Air oxidation process is to be catalyzer with neutralized verdigris and manganese acetate, and acetic acid is solvent, with air direct oxidation KA oil.The general two-stage reactor that adopts is connected, and oxidation products is through the two-stage crystal refining, and recovered solvent can be recycled after treatment.This method reaction times is very long, reaction efficiency is lower, the product separation difficulty, so adopt still few.
The Japan scientist is wild to have developed with heteropolyacid Na according to very controlling etc.
2WO
42H
2O is a catalyzer, [CH
3N (n-C
8H
17)
3] HSO
4Be phase-transfer catalyst, hydrogen peroxide direct oxidation tetrahydrobenzene prepares hexanodioic acid.But heteropolyacid catalyst character is unstable, specific surface is little, be prone to inactivation, the difficult recovery and shortcoming such as work-ing life is short, thereby can extensively not promote at present.
Other working methods of hexanodioic acid also have the chlorocyclohexane method, are from the cyclohexane oxidation by product, to reclaim hexanodioic acid, produce hexanodioic acid etc. by propenoate.Japan company of Asahi Chemical Industry has also carried out the research of one step of hexanaphthene atmospheric oxidation system hexanodioic acid.Chinese patent CN101337879A discloses the mixed catalyst that a kind of catalyzer monometallic porphyrin that in hexanaphthene, is dissolved with 1-500ppm or μ-oxygen bimetallic porphyrin or they and transition metal salt or oxide compound constitute, and the catalytic air oxidation hexanaphthene prepares the technology and the equipment of hexanodioic acid.
Summary of the invention
That traditional catalyzed oxidation exists is strong to equipment corrosion, energy consumption is higher, complex process, the more high shortcoming of processing cost; The present invention be directed to the deficiency of prior art; Provide a kind of purpose selectivity of product height, good stability, technology simple and environmentally safe, help realizing that large-scale industrialization produces prepares the method for corresponding di-carboxylic acid by lactone.
The working method of di-carboxylic acid provided by the invention; It is characterized in that according to lactone: solvent: ydrogen peroxide 50=1: (0~80): the mole proportioning of (0.2~20); In temperature is 90~200 ℃, and pressure is that the reaction conditions of 0.1~3.0MPa reacts down and under the catalyzer existence, reclaims and obtains corresponding di-carboxylic acid; Described catalyzer is a HTS, and the mass ratio of catalyzer and lactone is 1: 5~300.

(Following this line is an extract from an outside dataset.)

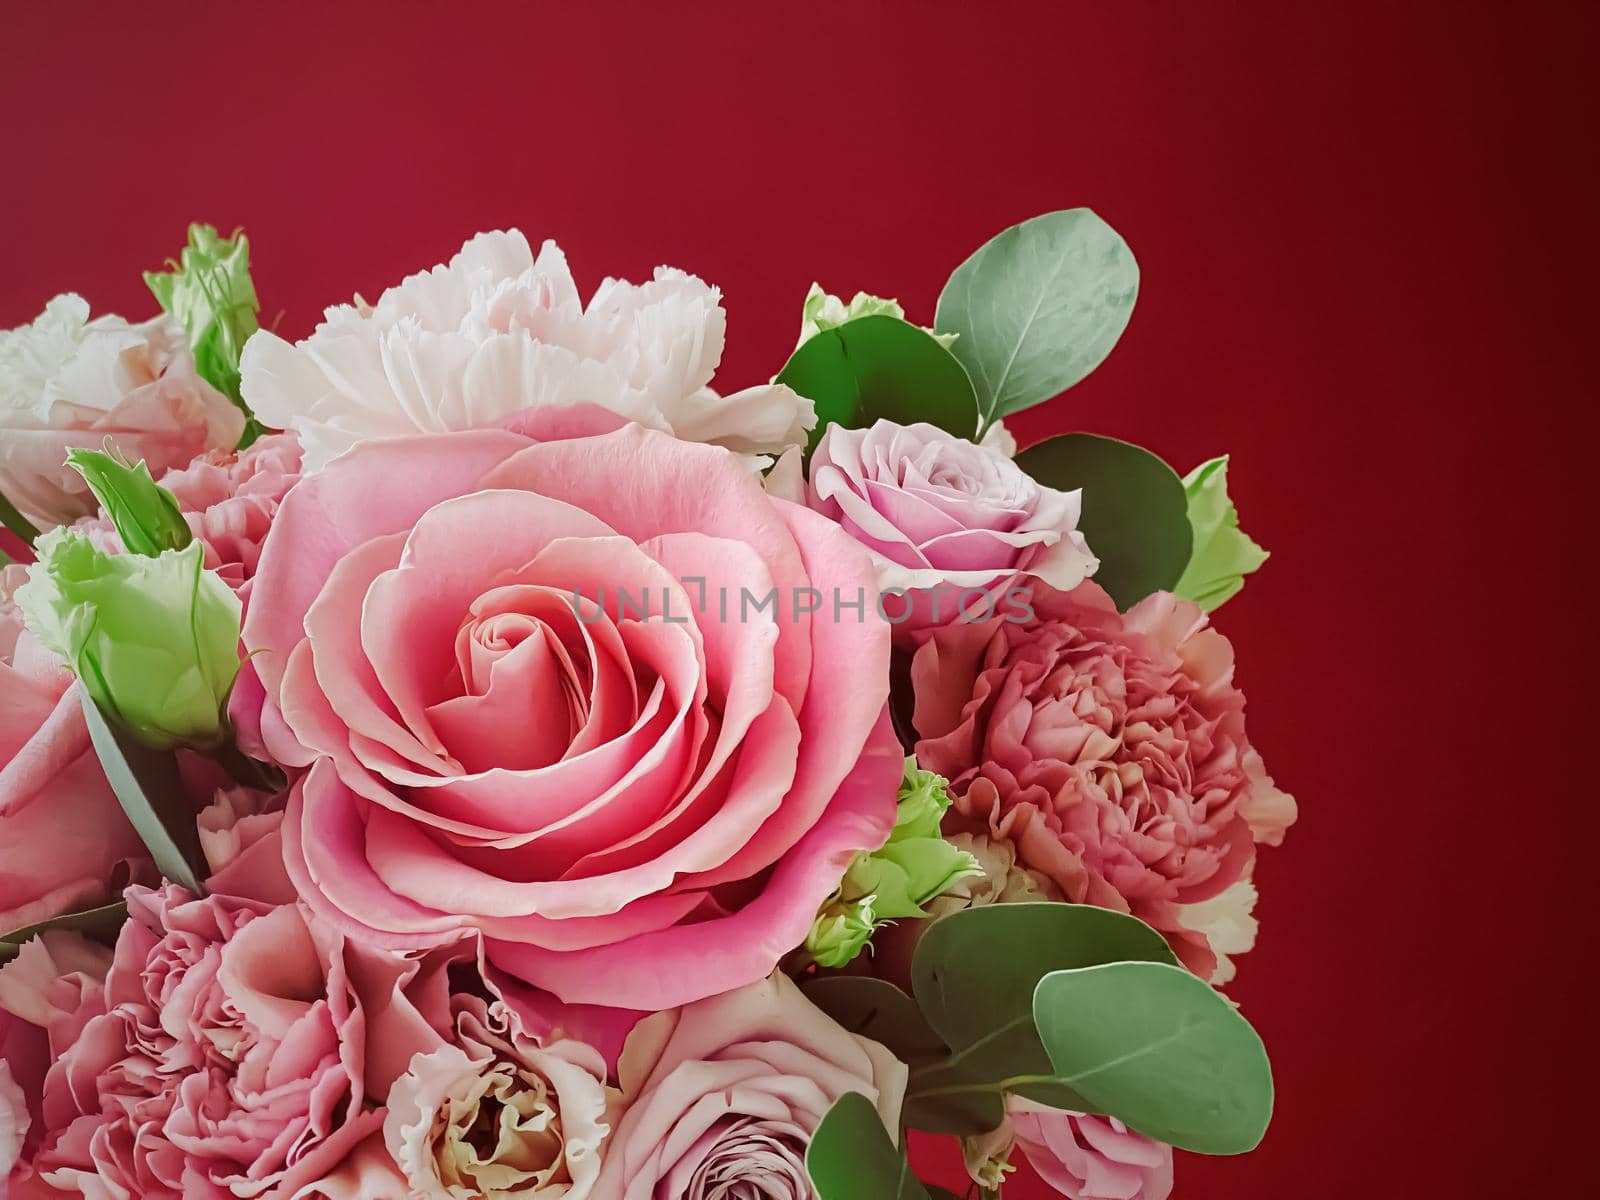 Beautiful flower box on red background, bouquet of blooming flowers as holiday gift, luxury floral design concept

In the method provided by the invention, described lactone be the lactone that comprises 2~18 carbon atoms, band side chain can be β-, γ-, δ-or ε-lactone.The lactone that the present invention especially is fit to is 6-caprolactone and δ-ring valerolactone.
In the method provided by the invention; Said catalyzer is a HTS; Can be selected from one or more the mixture among TS-1, TS-2, Ti-BETA, Ti-MCM-22, Ti-MCM-41 and the Ti-MCM-48; Preferred HTS is TS-1, in U.S. Pat P4410501, has announced the compound method of titanium-silicon molecular sieve TS-1 first.As preferred embodiment; Used HTS is a kind of TS-1 HTS of unique hollow structure among the present invention; In the Chinese patent of ZL99126289.1, disclosed above-mentioned unique hollow structure TS-1 HTS and preparation method thereof; It has the HTS of MFI crystalline structure, and crystal grain is hollow structure, and the radical length of the cavity part of this hollow crystal grain is 5~300 nanometers; This sieve sample is at 25 ℃, P/P
0=0.10, the benzene adsorptive capacity that records under 1 hour the condition of adsorption time is at least 70 milligrams/gram, has hysteresis loop between the adsorption isothermal line of the low temperature conditioning absorption of this molecular sieve and the desorption isotherm.Said TS-1 HTS with hollow structure, having has bigger mesoporous volume, is generally more than the 0.16mL/g; And conventional TS-1 HTS; Mesoporous volume is generally about 0.084mL/g, and the contriver is surprised to find that, uses it in the reaction that the lactone oxidation prepares corresponding di-carboxylic acid; Under same reaction conditions, can improve the selectivity of the transformation efficiency and the di-carboxylic acid of lactone effectively.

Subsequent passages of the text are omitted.